AlHiwar is an Arabic-language television channel, as it is directed to Arabs, whether in the Arab world or in the diaspora. It is a means of convergence of opinions based on reviewing what is presented, with the aim of discovering others within the principle of coexistence in the Arab world.

It is a tool for communication between Arabs and their new societies to introduce their cultural values, to activate their positive role in public life in their new homes, and to serve the aspirations of the Arab peoples in building positive relations with these societies and creating a greater understanding of Arab issues.

It is also a platform for interaction between the Arab communities and their motherland, helping them contribute to construction, reform, development, positive transfer of expertise and experiences, and change for the better. It is an Arabic-language television channel, meaning that most of its programs are in Arabic.

Programs

 Revisions (Arabic: مراجعات)

Is a series of dialogues in which Dr. Azzam Al-Tamimi hosts a group of Arab figures from different political backgrounds, where they shed light on their contributions to major events witnessed by the Arab and Islamic world and share their experience.

 Highlights of Events (Arabic: أضواء على الأحداث)

Is a daily TV program that analyses the most important Arab and international events. It hosts experts and analysts from different regions of the world who go deeper into the news and developments.

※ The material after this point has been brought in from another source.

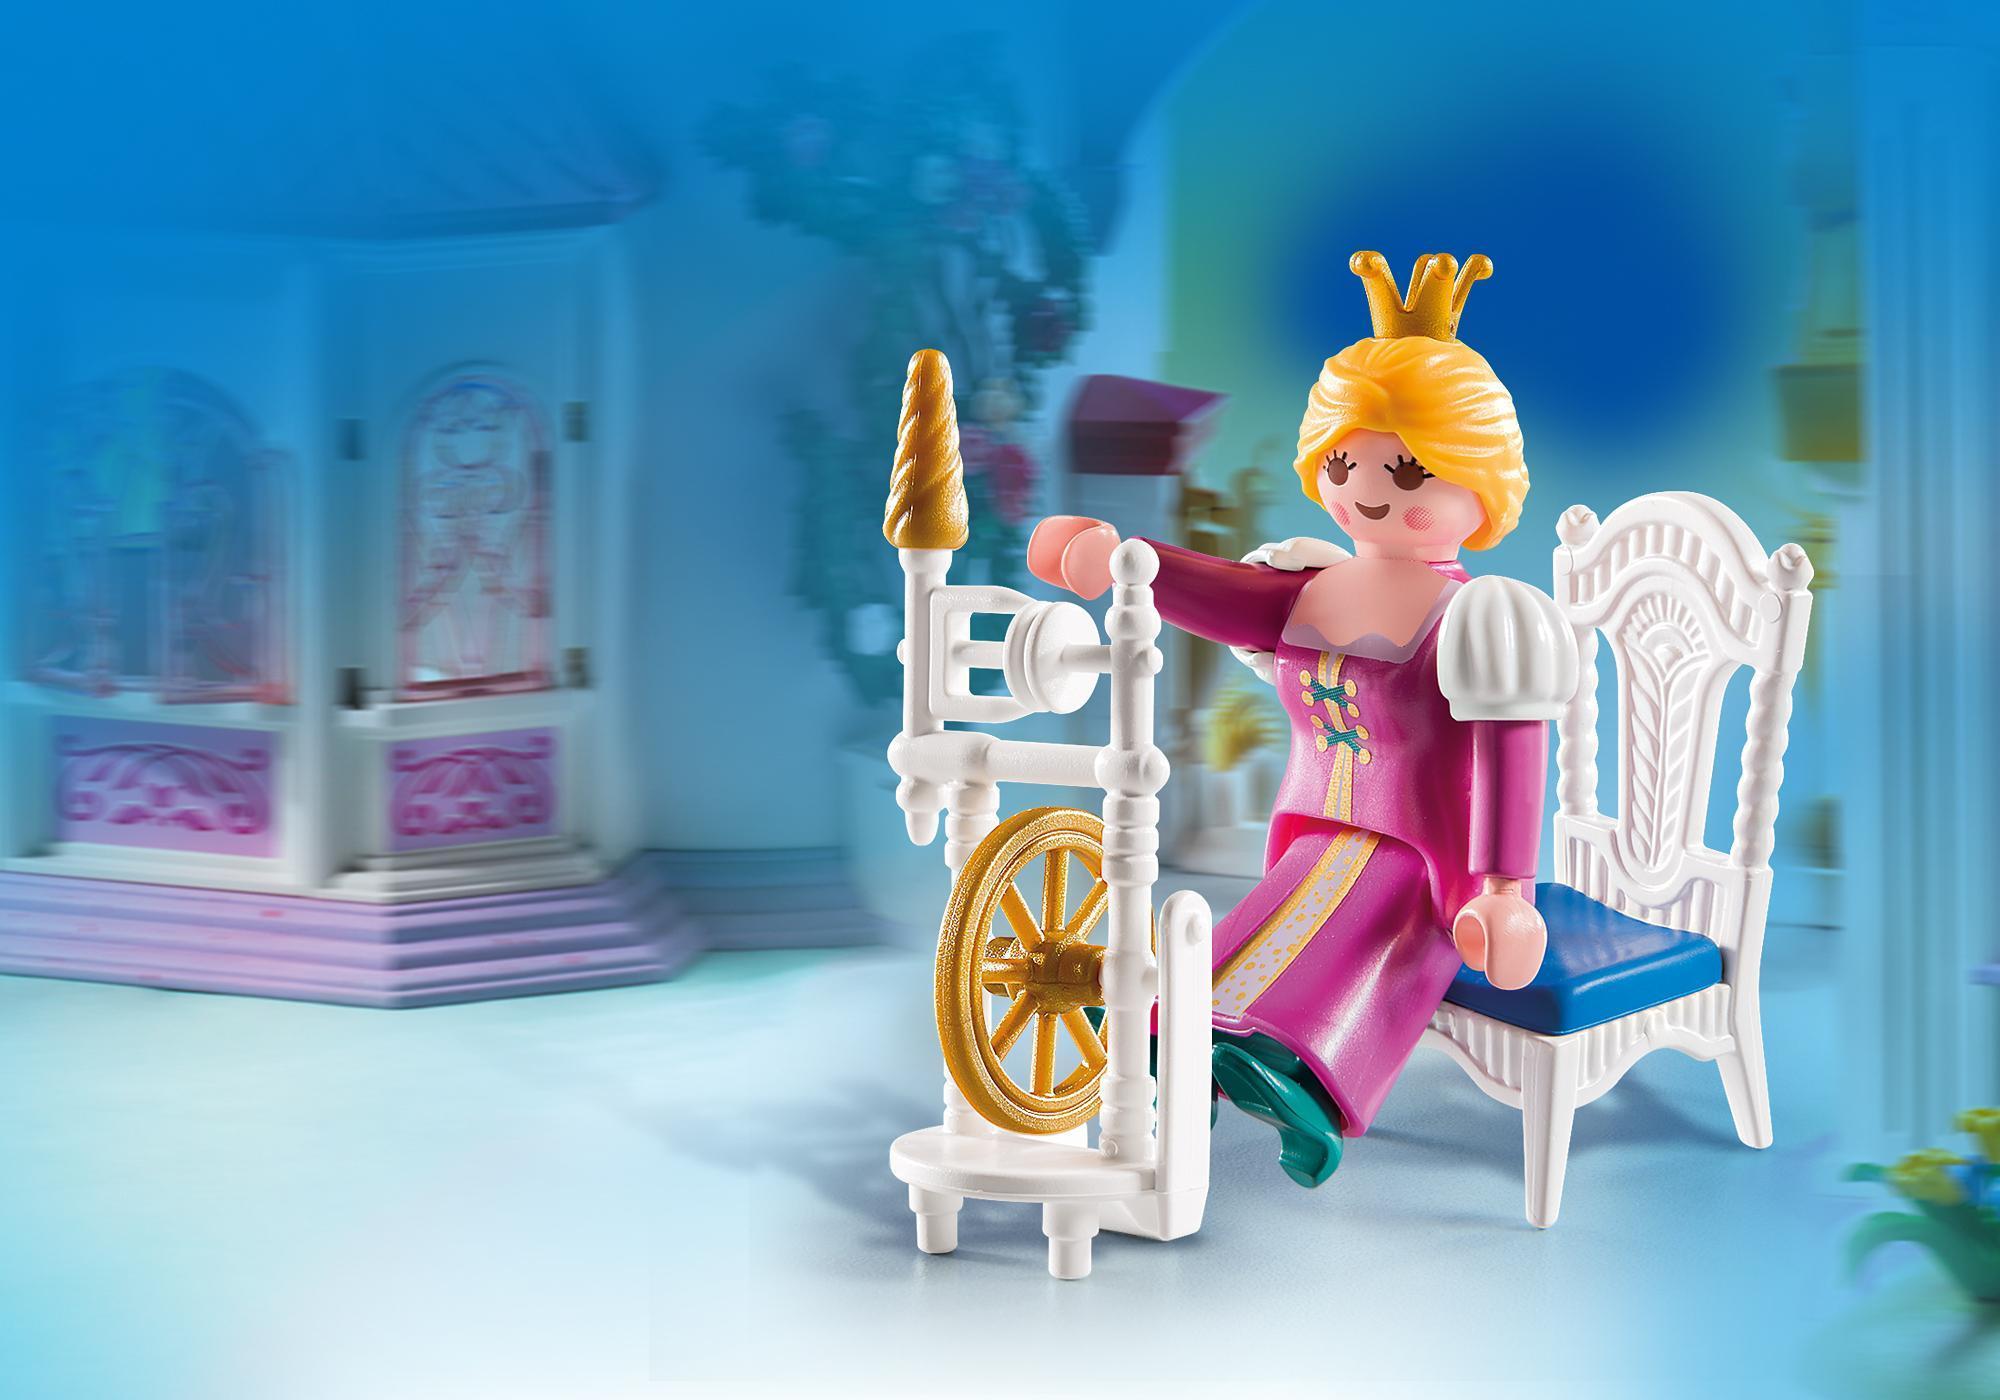 http://media.playmobil.com/i/playmobil/4790_product_detail/Принцесса с прялкой
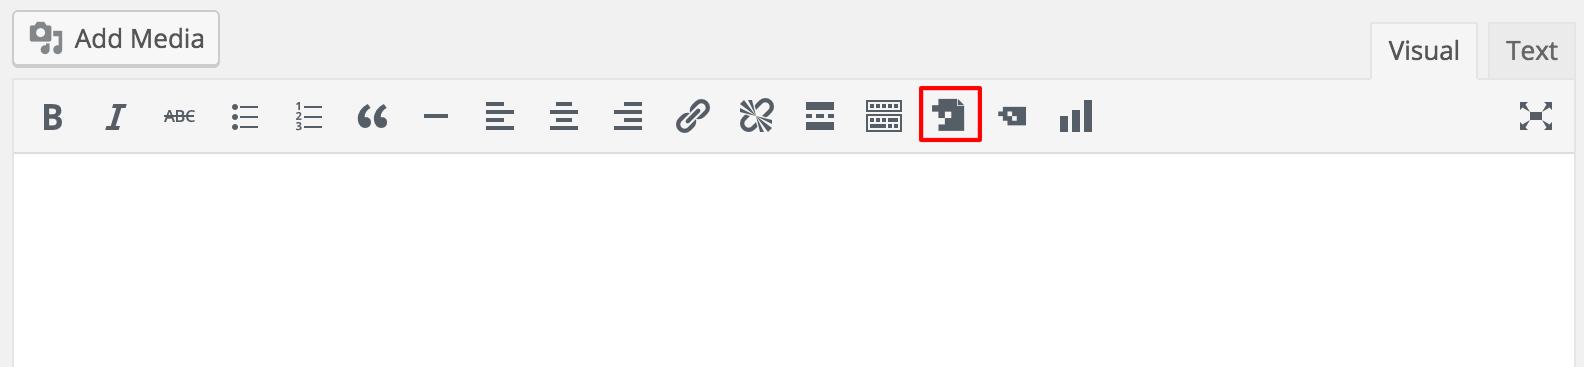 Insert Report Builder in WP Visual Editor

It mainly focuses on issues related to the Arab citizen, including economic, political and social issues.

 The Free Opinion (Arabic: الرأي الحر)

Is a daily 2-hour interactive program. It provides the viewer with a platform to express his opinion on current issues that concern the daily life of the Arab citizen.

 London Dialogue (Arabic: حوار لندن)

Is an interactive weekly program which has no presenter, but different attendees, who discuss the most important issues that have passed over the week, in an open and interactive manner that makes the discussion move swiftly between the guests without prior preparation.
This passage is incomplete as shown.